When we lose someone in our family, it often doesn’t matter how close you are to that person, how often you see them, where they live. What matters is the deep roots of family and the shared experiences and love.
This past Friday, I lost an uncle. A healthy, vibrant man, full of life and energy. He exercised daily and had retired the year before. A shocking and powerful aneurism and stroke left him without neural activity immediately.
His wife and children were able to get to him to say goodbye. But nothing can prepare you for a loss that sudden and shocking in someone still so young, 61.
It’s funny how there are no words to express a loss, or sympathy. People offer condolences and support, food, chores, an ear to listen and a should to cry on. And these are all wonderful things. It brings us all closer and it helps us remember we are not going through our mourning alone. No, a platter of food cannot staunch the heartache, but the effort means that someone is thinking about us and that we don’t have to worry about that one extra detail. Flowers may be overpriced and wilt quickly, but they are a reminder that we are loved and that people are thinking of us.

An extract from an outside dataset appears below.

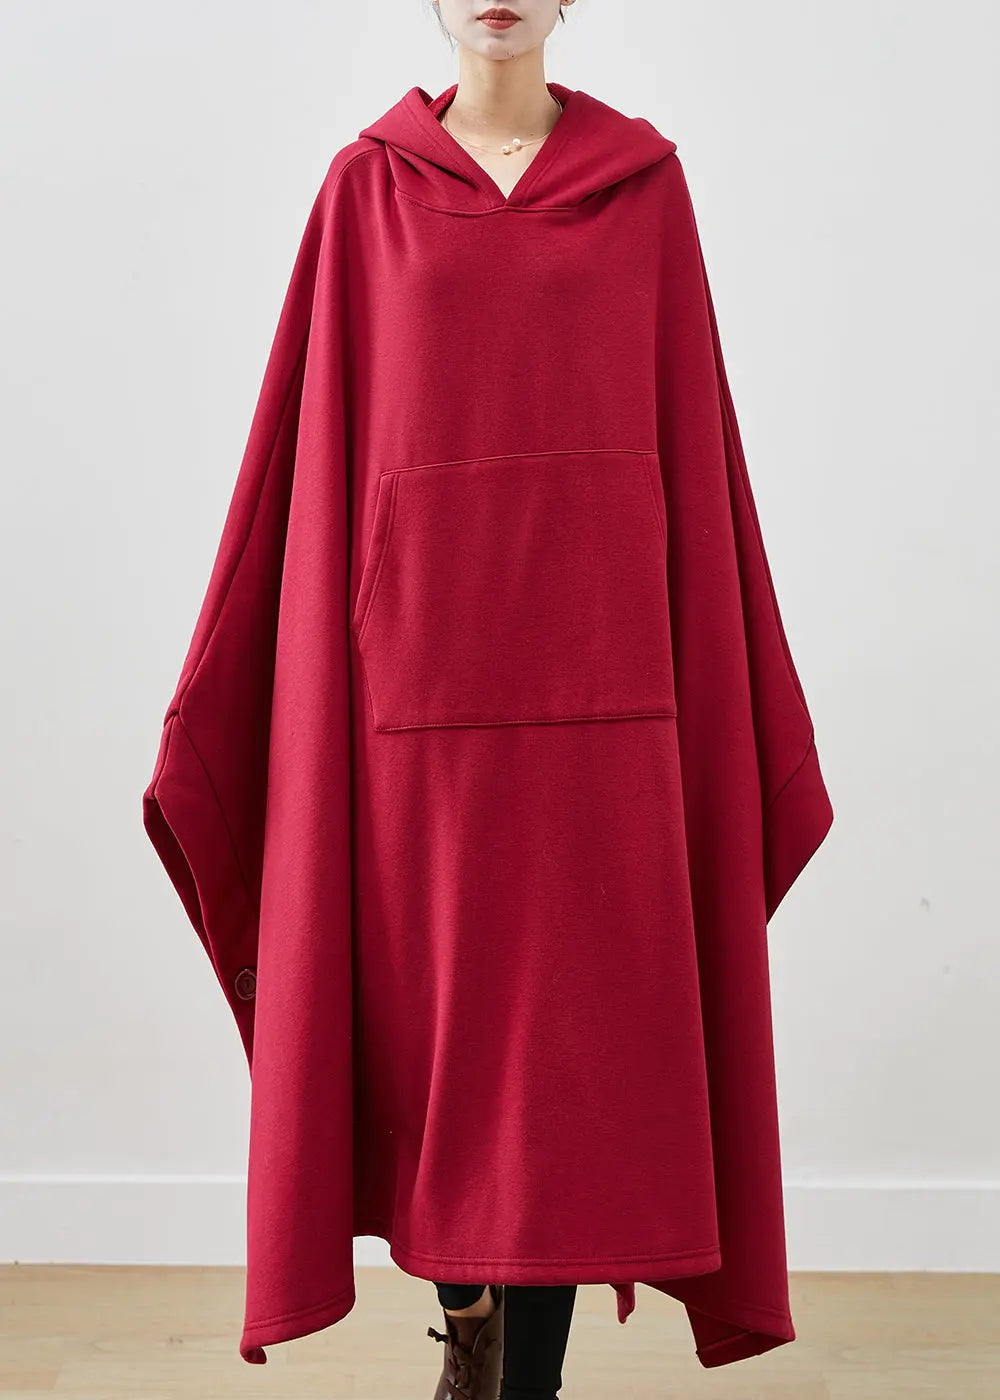 Art Mulberry Asymmetrical Oversized Cotton Sweatshirts Dress Winter Ada Fashion

I find people’s reactions to loss, their own and other people’s, strange, as some people drop everything and take over details, some shut down, some need to surround themselves with loved ones to talk and cry and reminisce, and some want to hide in their beds alone and mourn.
There’s not such thing as the “right” way to handle grief. But I did have the uplifting experience this weekend of witnessing a family buoyed up by each other and the support of love and family across the country (and world), sending love, stories, photos, food, flowers, and millions of prayers. My family is huge, my mother is one of 6, there are 20 grandchildren, and my grandparents are in their 80s and going strong. And this is the first loss we’ve experienced within our close family.

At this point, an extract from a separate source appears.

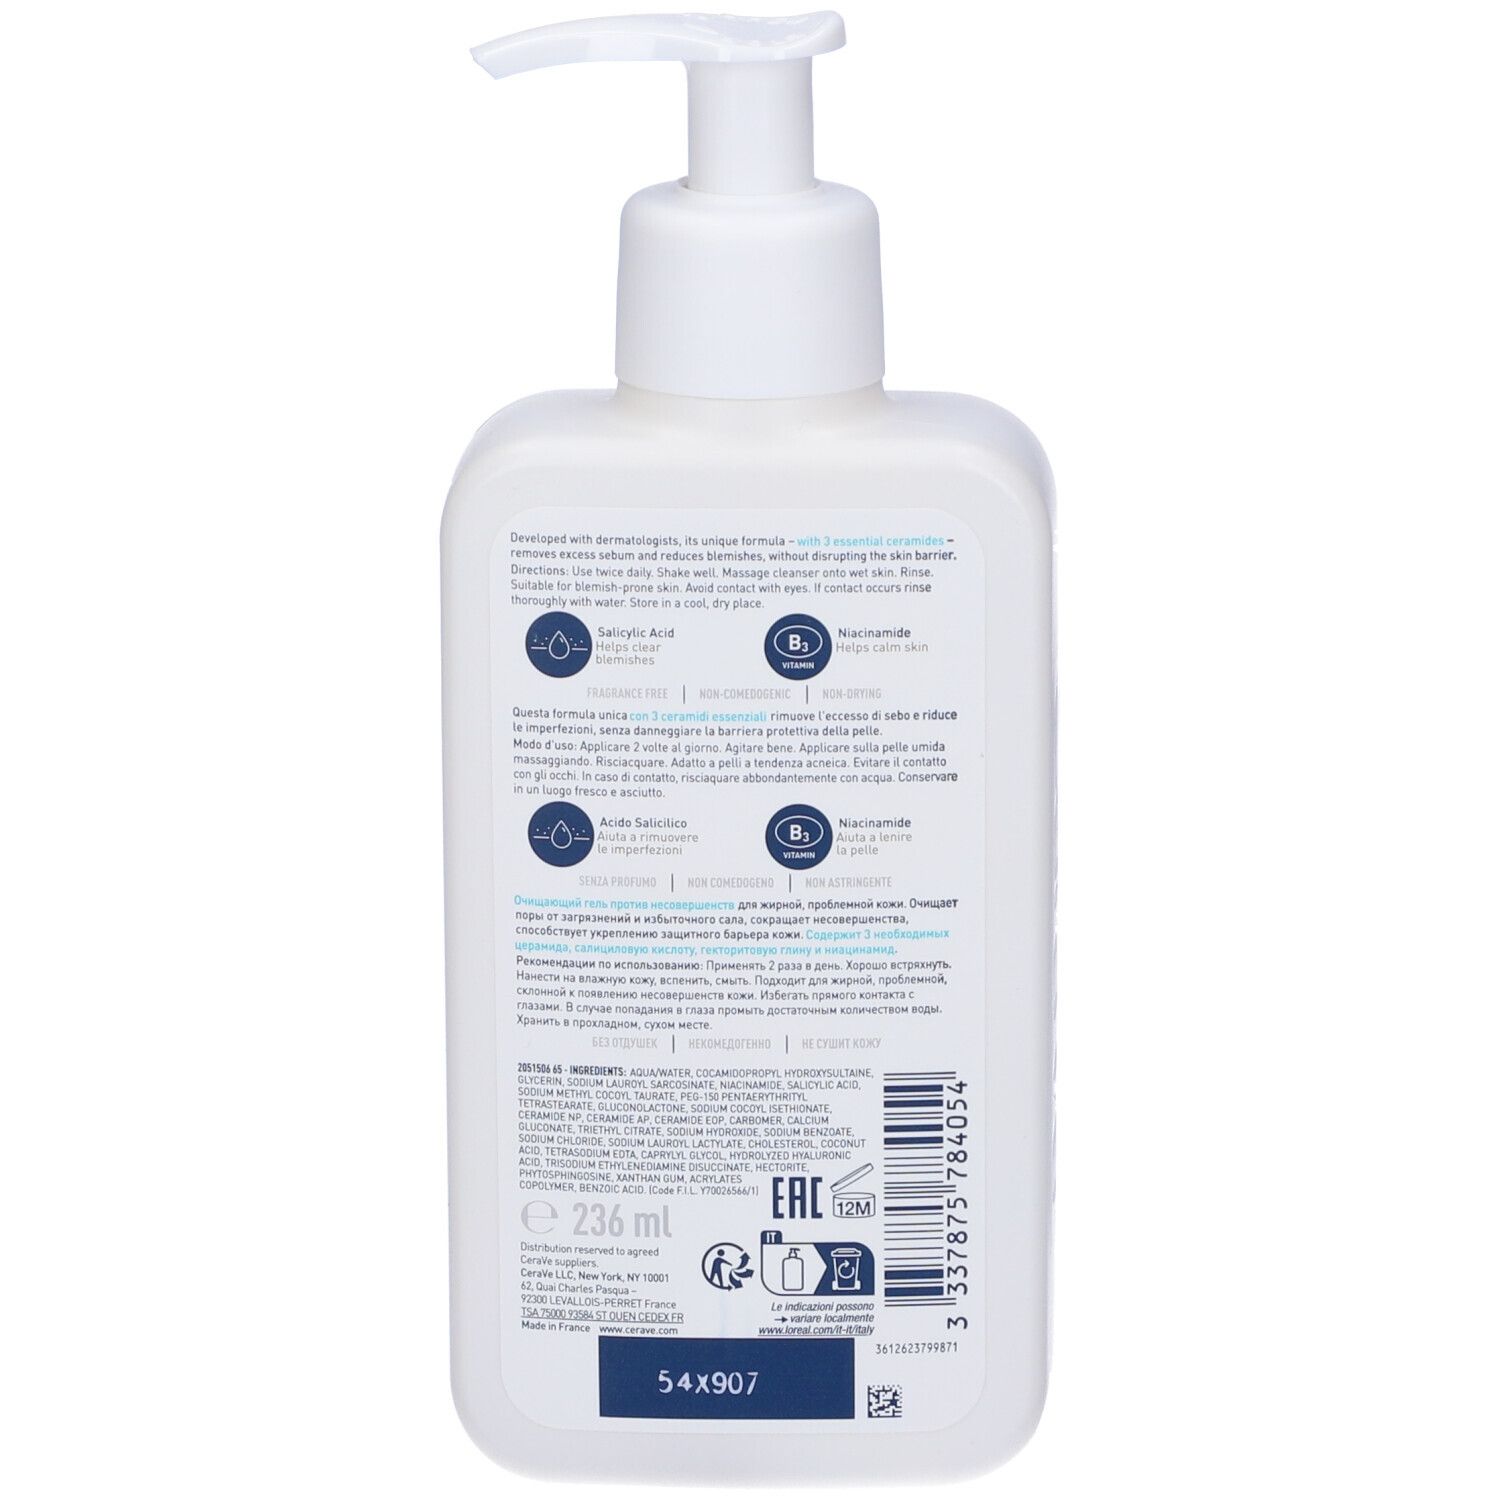 CeraVe Detergente anti imperfezioni Deterge i pori, rimuove lo sporco e le imperfezioni 236 ml

Everyone descended upon my grandparents’ home, aunts and uncles, cousins, significant others, friends. We simply sat and chatted and cried and joked. We were together. We couldn’t do anything, as our uncle’s family lives out of town, but just to be together and to feel the outpouring of support and love was a beautiful gift.
I have no real message today or funny pictures to post. I just wanted to express my gratitude for my family and to remind everyone out there to share their love and support freely. We never know how we long we have on this earth, but remember, don’t sweat the small stuff, and it’s all small stuff. Aka – tell everyone you love them. Don’t worry about the petty things. Be well, my friends.